18 février 2026

Douze Contes vagabonds

Mettons d'abord les choses au clair: malgré le titre de ce recueil, les histoires rassemblées ici ne sont pas vraiment des contes, car elles sont très ancrés dans le réel, autant physiquement (on visite différentes villes européennes) que temporellement (on est dans la deuxième moitié du XXe siècle).  Pour moi, un conte se déroule dans un pays imaginaire et presque «en dehors du temps», si je puis dire.

Appelons-les donc plutôt des nouvelles.  Et même si je ne suis pas la plus grande fan de ce format littéraire, je dois dire que la plupart de ces nouvelles de Gabriel Garcia Marquez sont assez réussies.  À part quelques-unes qui tombent un peu à plat, je les ai trouvées amusantes ou intrigantes.   

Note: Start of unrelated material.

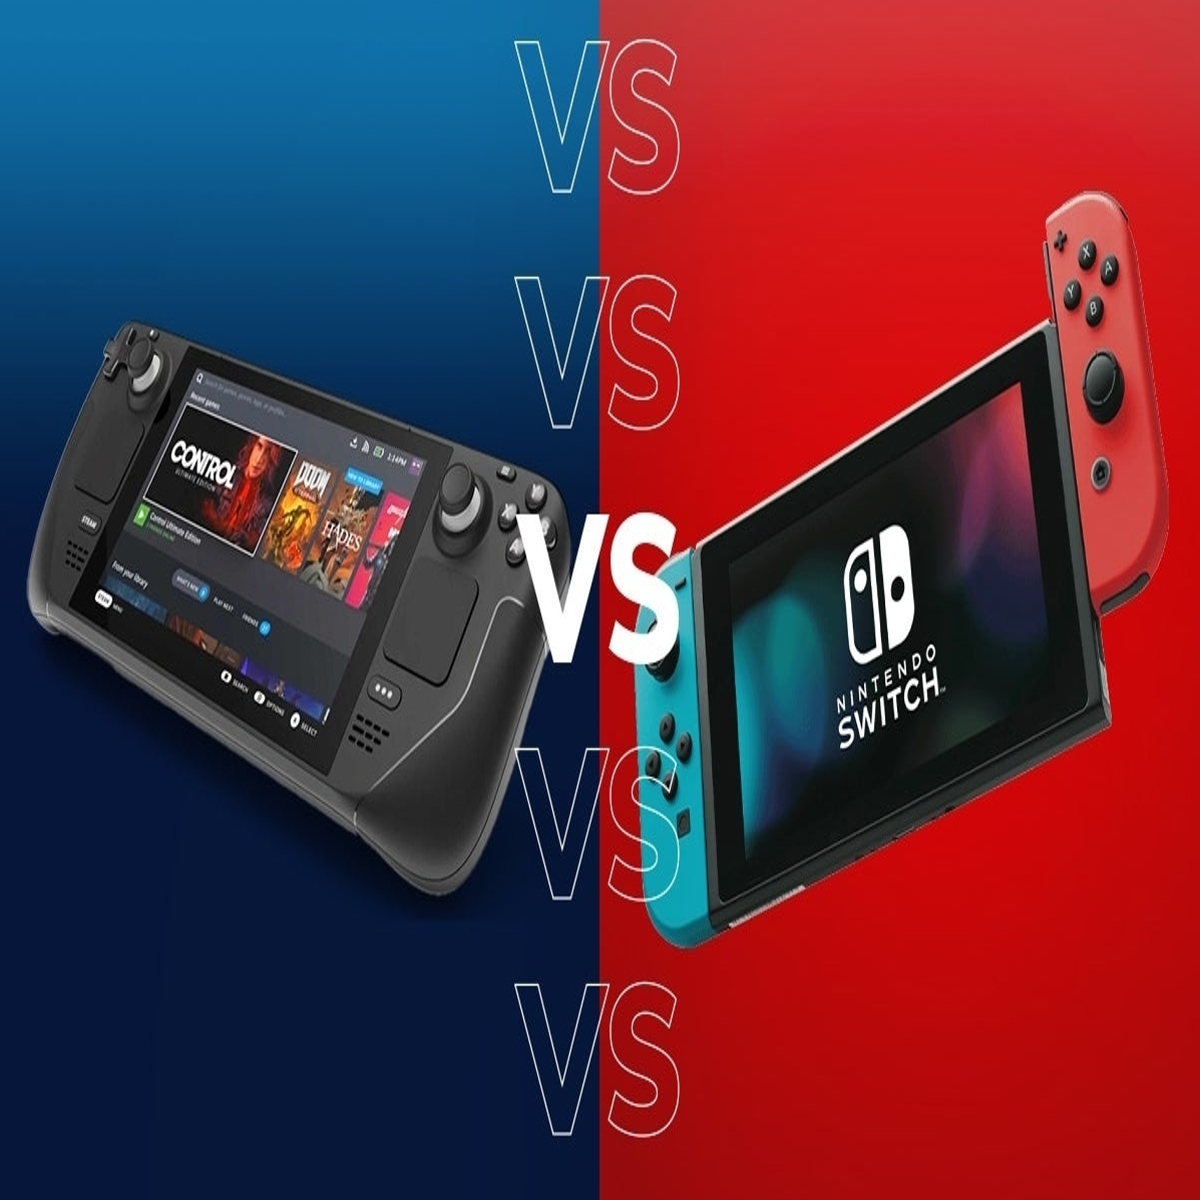 Nintendo Switch vs Steam Deck: compare ficha técnica e preço dos

Seule la toute dernière nouvelle m'a vraiment déçue: ces deux jeunes gens qui se rencontrent lorsque le jeune homme menace de violer la jeune femme et qu'elle lui tient tête, et qui deviennent ensuite amoureux, c'est... non!  Une prémisse qui a fort mal vieilli et qui m'a laissé un arrière-goût amer.

À part cette fin ratée, ce recueil s'est avéré une lecture agréable sans être inoubliable.  Je ne le recommanderais pas toutefois pour un premier contact avec cet auteur. 

En terminant, je note une phrase à réutiliser lorsque l'on trouve quelqu'un trop crédule:

«Écoute, mon vieux, (...) être Poisson ascendant Poisson c'est une chose, mais être con c'en est une autre.»

 

Douze contes vagabonds de Gabriel Garcia Marquez, traduit de l'espagnol, 1992, 157 p.  Titre original: Doce cuentos peregrinos.